▶ Work required: Write back every line of the listing exactly, excluding images.

::: Data shown :::

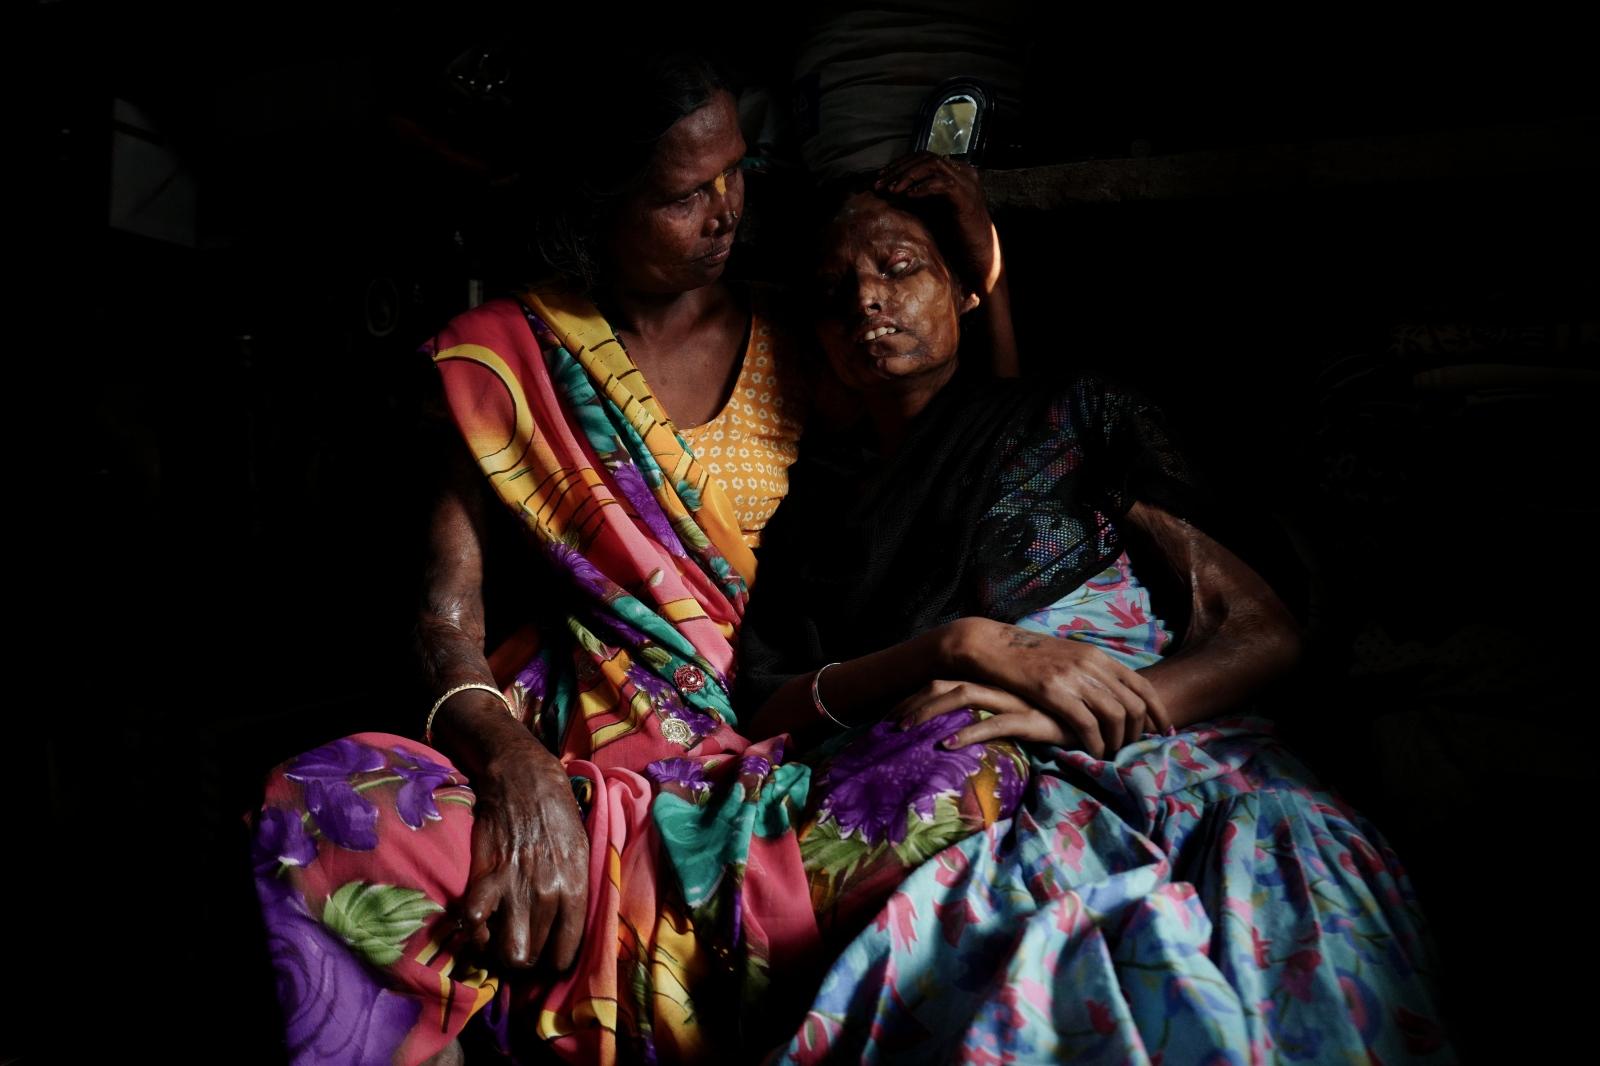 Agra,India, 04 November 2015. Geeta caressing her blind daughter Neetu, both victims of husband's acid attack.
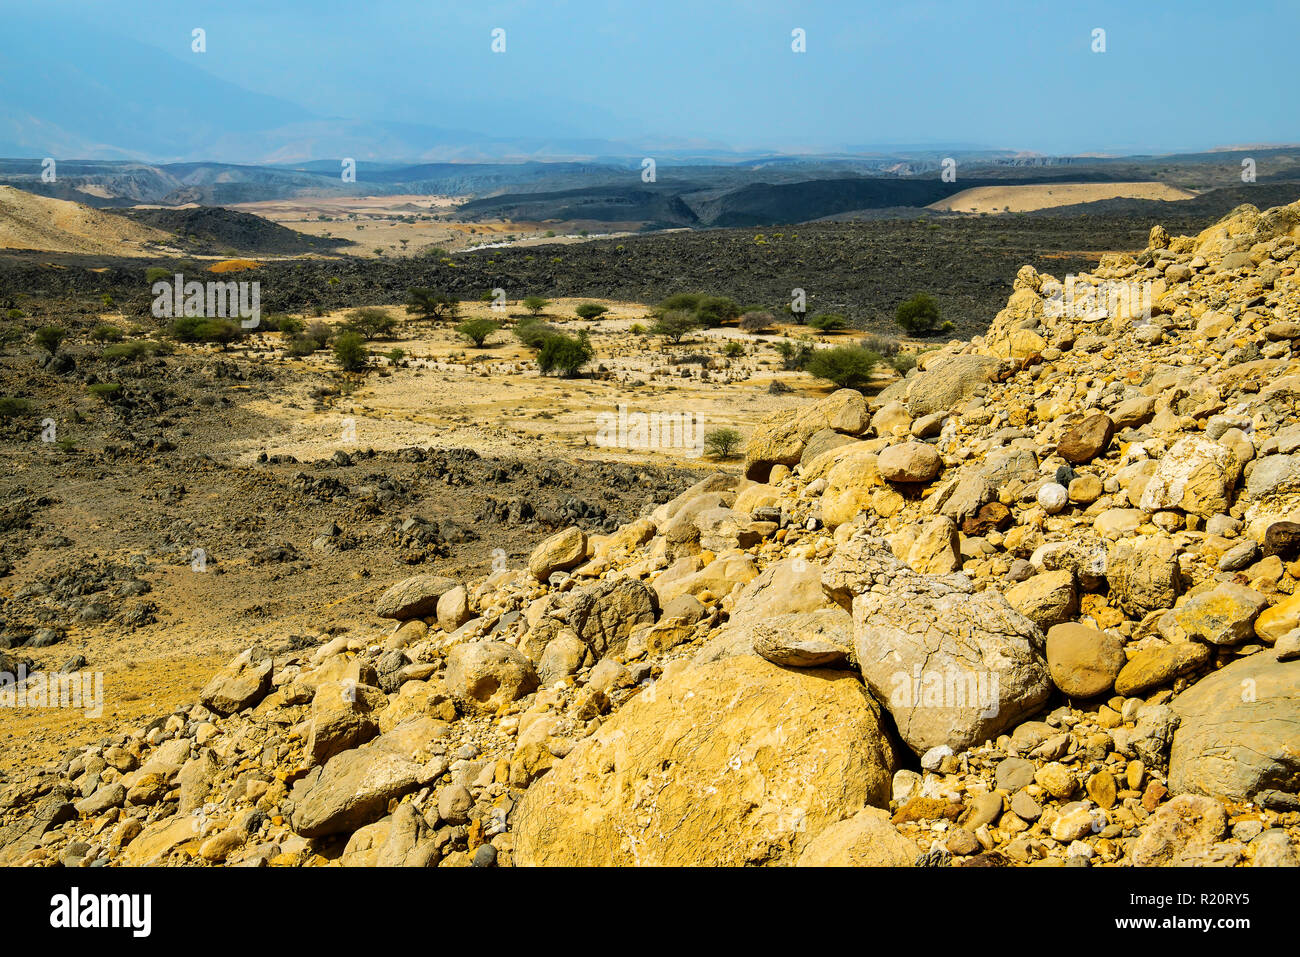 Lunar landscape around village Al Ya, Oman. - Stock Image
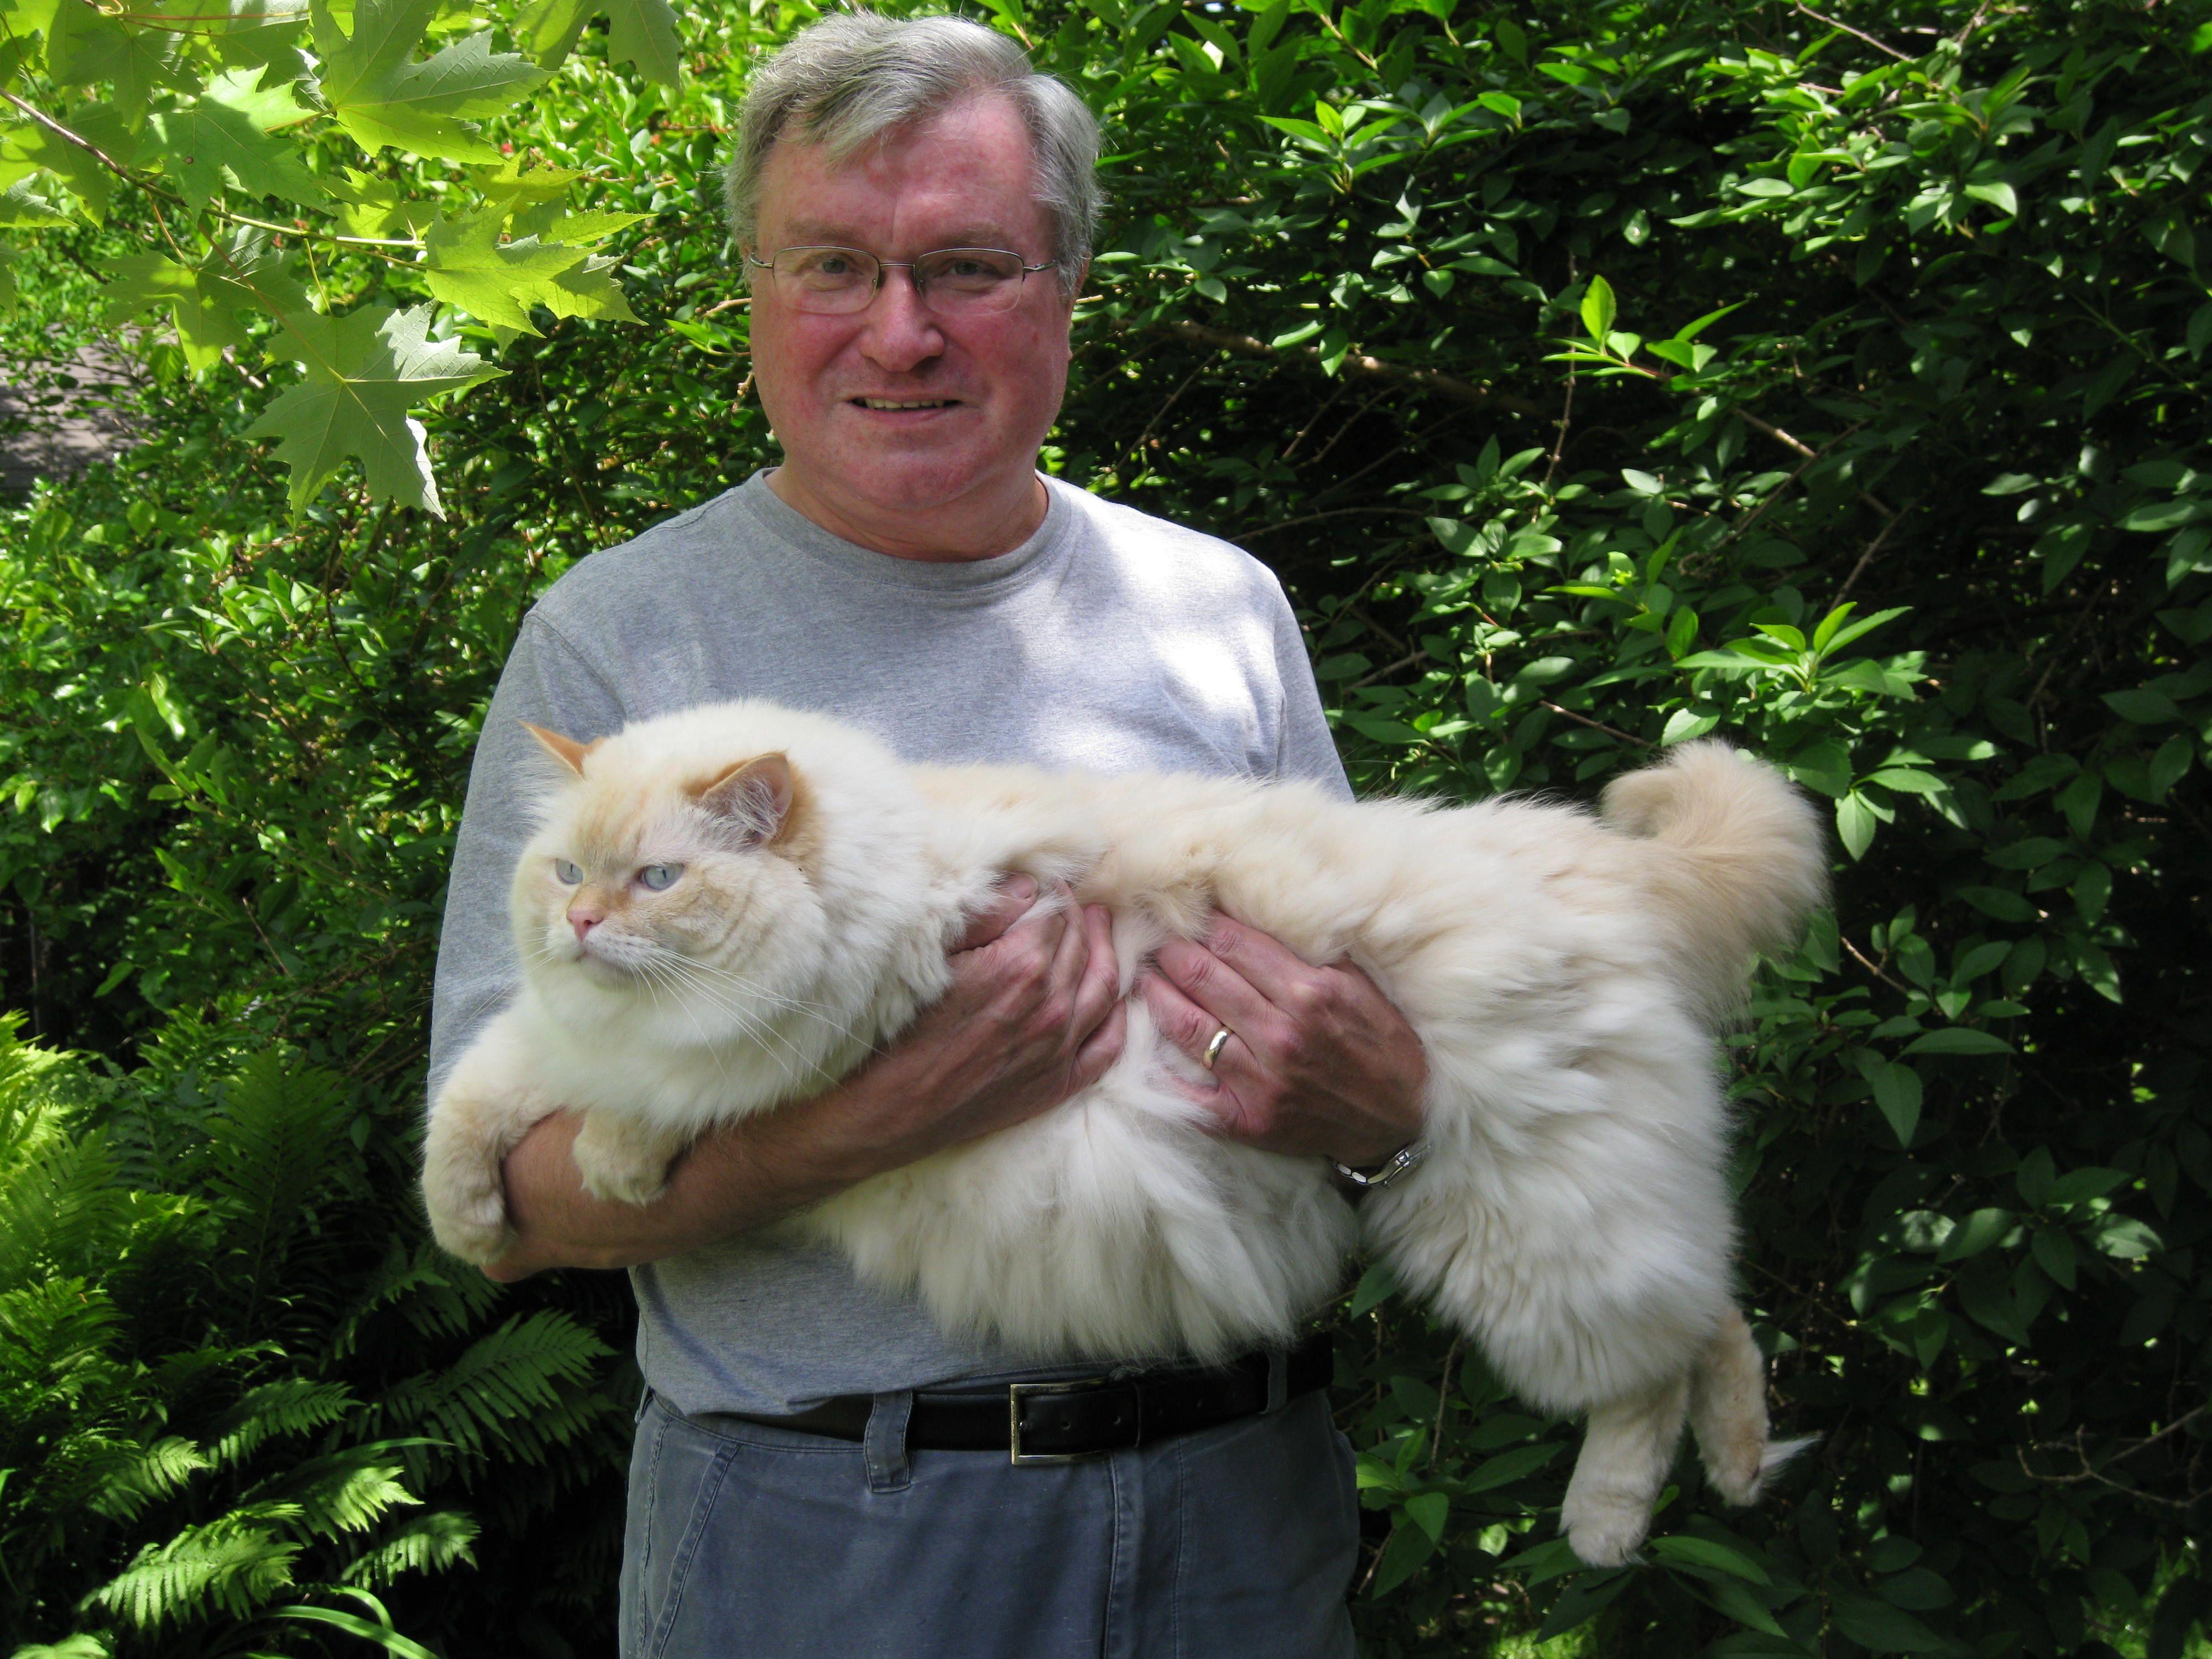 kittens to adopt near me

:::

▶ The answer:
 Agra,India, 04 November 2015. Geeta caressing her blind daughter Neetu, both victims of husband's acid attack.
 Lunar landscape around village Al Ya, Oman. - Stock Image
 kittens to adopt near me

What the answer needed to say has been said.